Crisp, Crunch, Chocolate, Chew: Sweet and Salty Rice Crispy Treats

I have loved Rice Krispies treats since I was a kid and I still find the crisp-sweet-stretchy bars to be irresistible. I was a little surprised to see a recipe for "Sweet and Salty Rice Crispy Treats" in Edd Kimber's One Tin Bakes, but happy to give the recipe a try. While of course you could add anything into these treats, the recipe is written to include milk chocolate, salted peanuts, pretzels, and cacao nibs.
 
These treats are made with browned butter, so you brown butter; add salt and marshmallows and cook until the marshmallows melt; add rice cereal, and then dump in everything else (milk chocolate, salted pretzels, and salted peanuts -- I didn't have any cacao nibs on hand so I skipped those). I used Cacao Barry Lactée Supérieure milk chocolate, which has very high fluidity and melts easily. The pistoles completely melted into the hot marshmallow mix, so there were no distinct pieces of chocolate remaining when I pressed the treats into a parchment-lined pan.
I had reserved some peanuts, pretzels, and milk chocolate pistoles that I added on top of the treats. The chocolate started to melt, and since there were no intact chocolate pieces inside the treats, I smeared around the melted chocolate a little to distribute it more widely. 

These Rice Krispies treats were delicious. I really liked the fact that they were held together with what was essentially chocolate marshmallow and I was particularly appreciative that the marshmallow retained its chewy and stretchy texture. For me, one of the most appealing aspects of a Rice Krispies treat is the mix of textures, including the stretchiness of the marshmallow. And these had the added crunch from the nuts and crisp bite of the pretzels, which also delivered a fantastic balance of salty and sweet. I wish I had used cacao nibs, because I love their crunchy texture as well. 
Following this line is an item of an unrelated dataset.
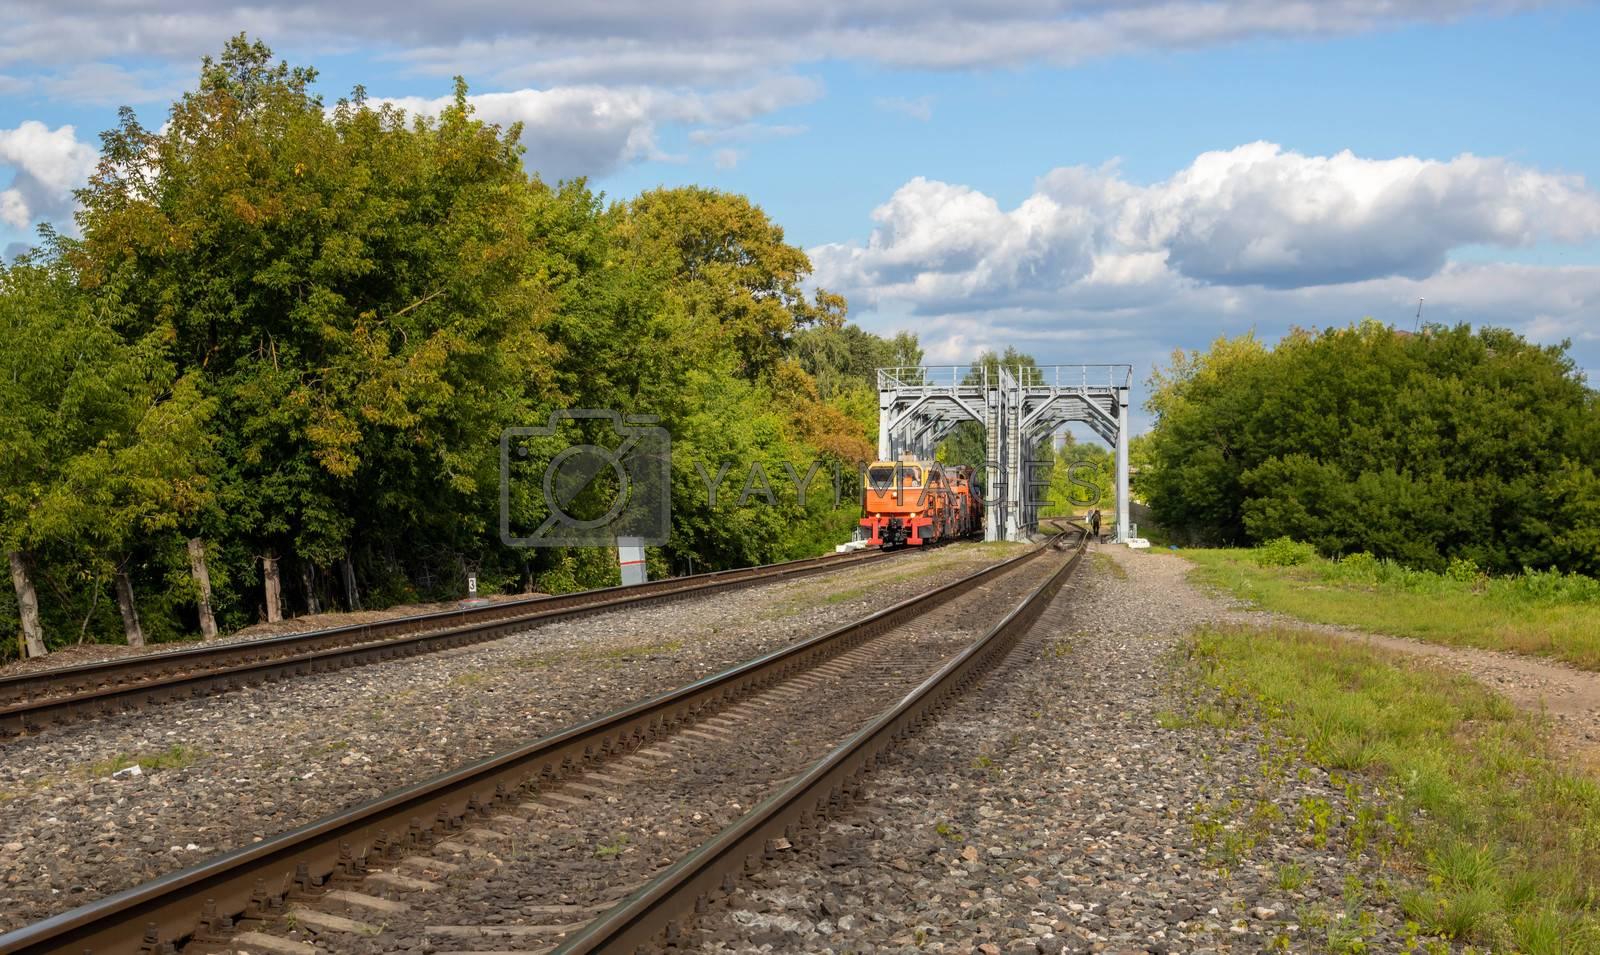 On the railway bridge is a locomotive.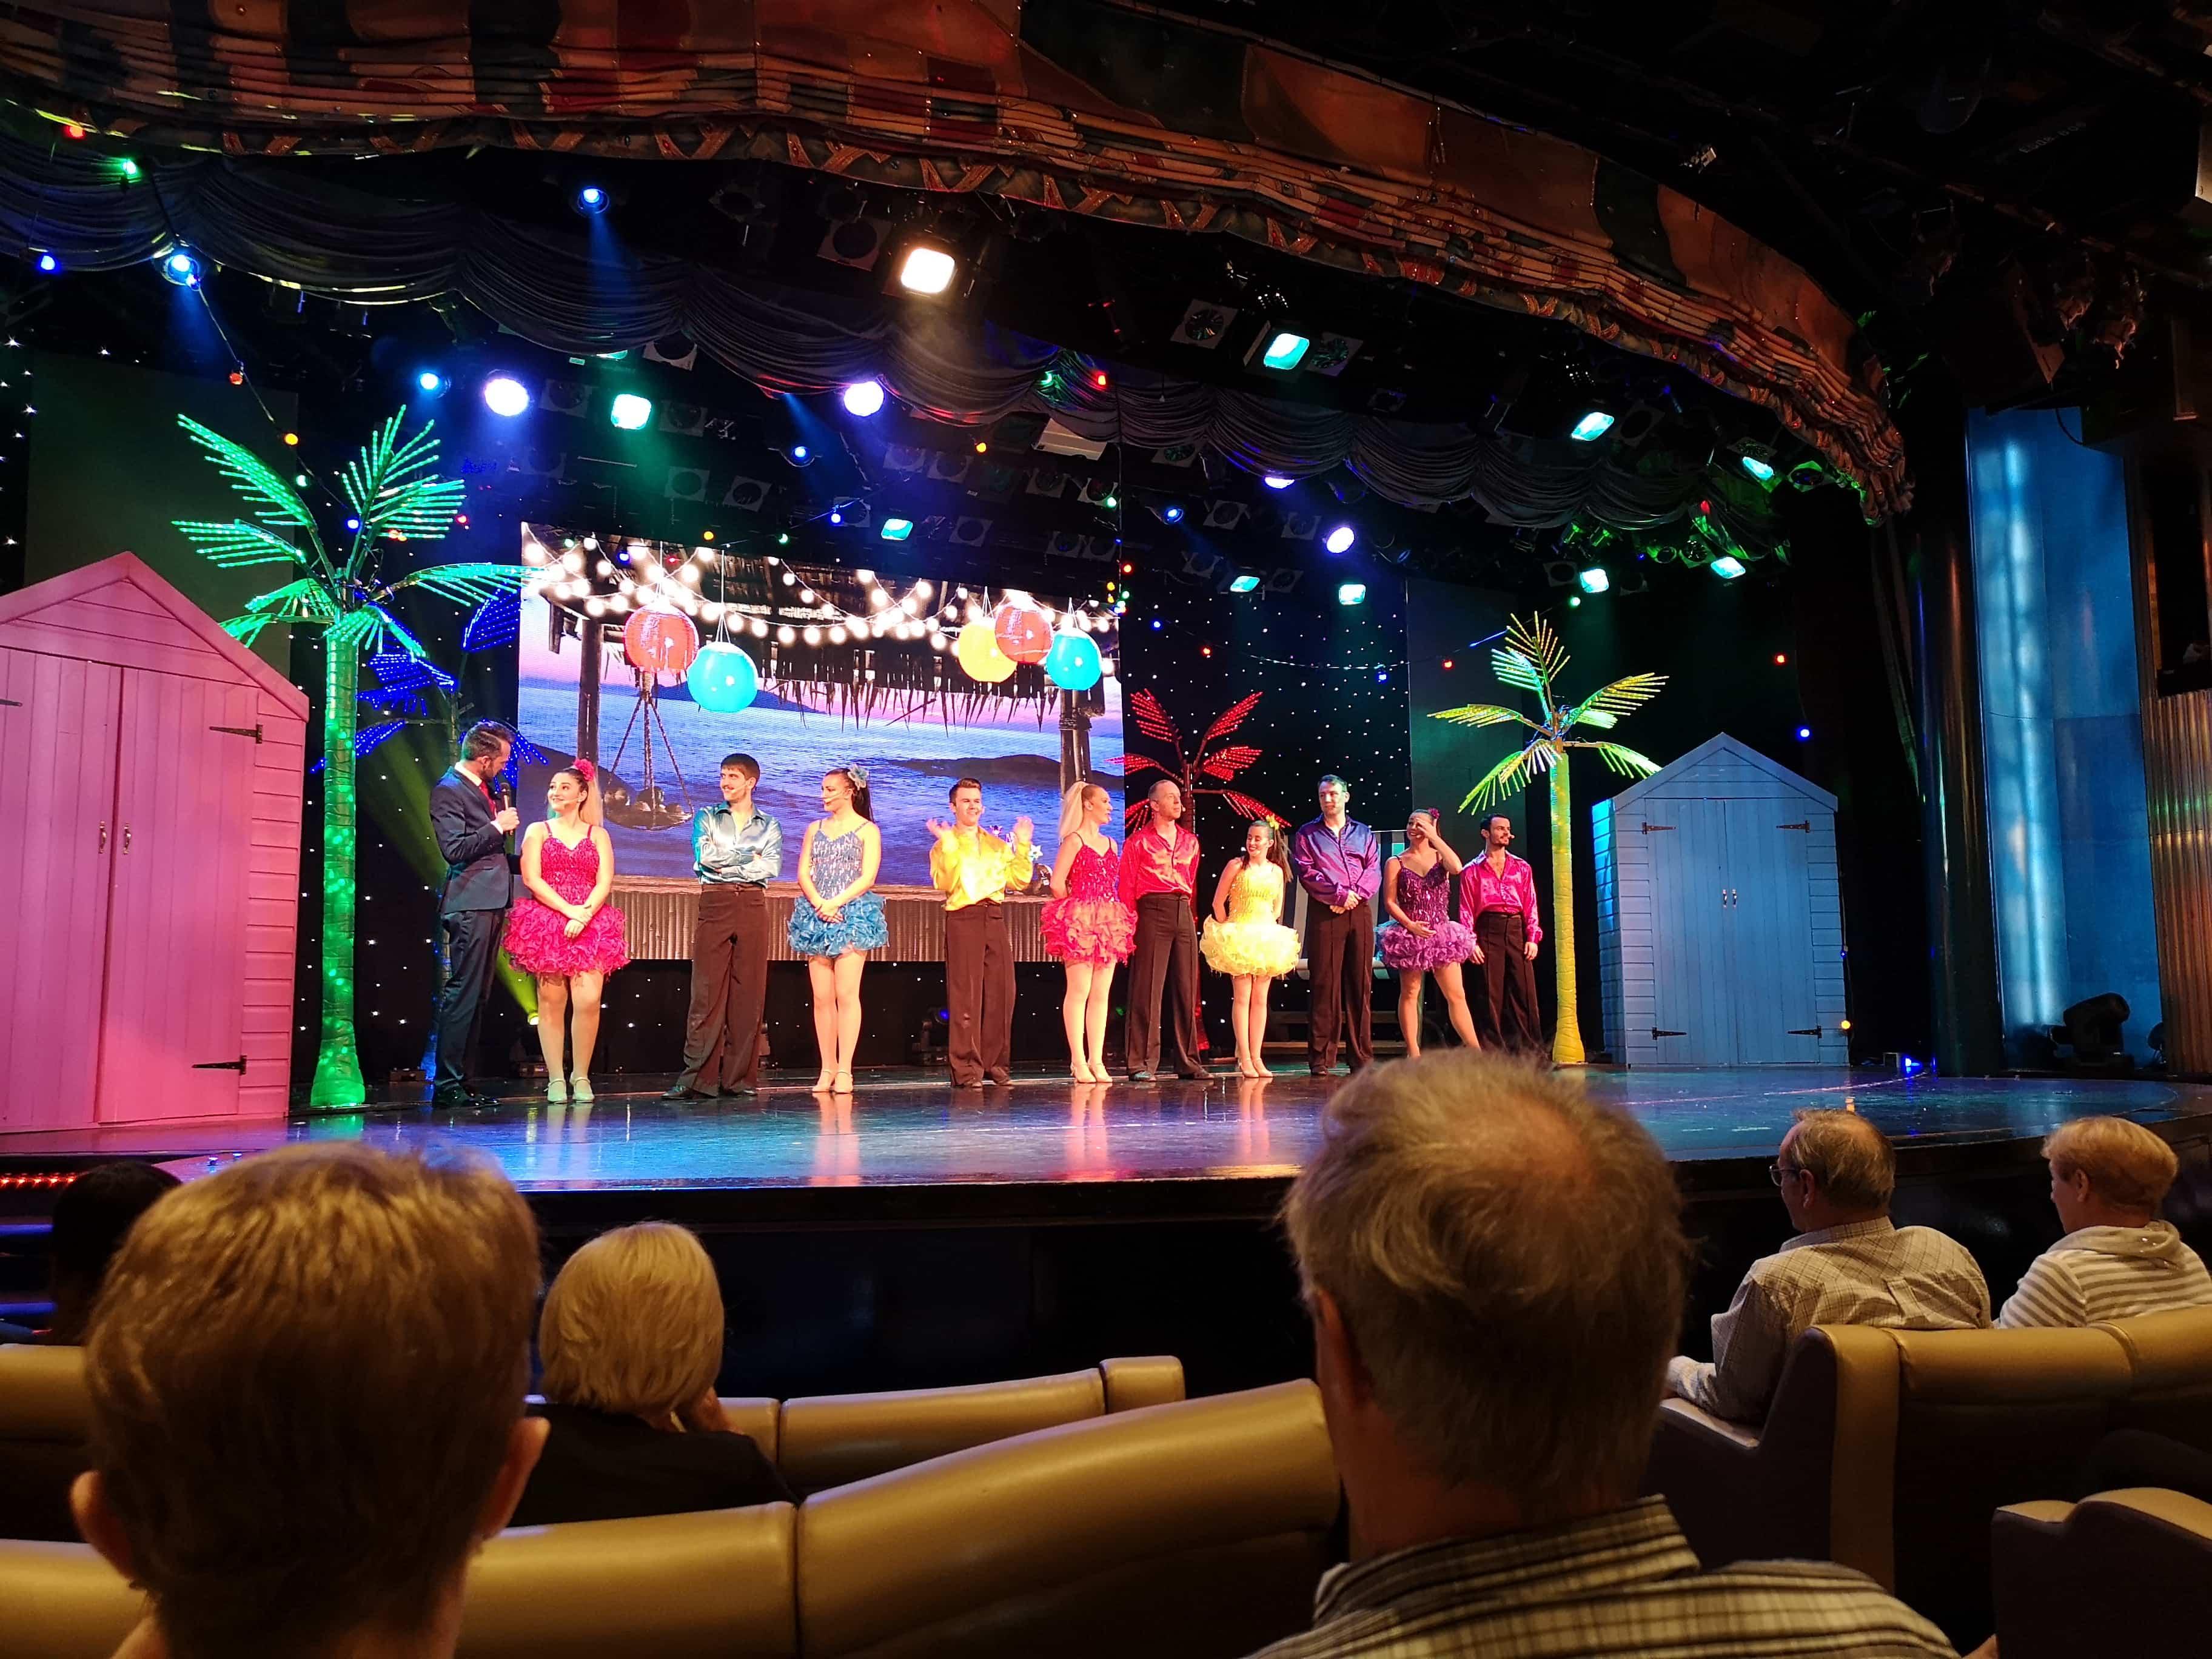 Marella Discovery Entertainment Showteam Sebby Mercury Broadway Show lounge Theatre

If I have one criticism, it's that the treats were a bit thin, so I would add more cereal next time. The recipe specifies 8 cups of of cereal, or 200 grams. I used the weight measurement. But afterwards, I noticed that Shauna Sever's recipe for Next-Level Crispy Treats (made in the same size pan as this recipe) calls for "8 cups/256 g crispy rice cereal." When I made that recipe I used the 256 grams and I was happier with the volume of the recipe and the height of the finished bars. I think it's a good thing that I want more of these treats!

Recipe: "Sweet and Salty Rice Crispy Treats" from One Tin Bakes by Edd Kimber.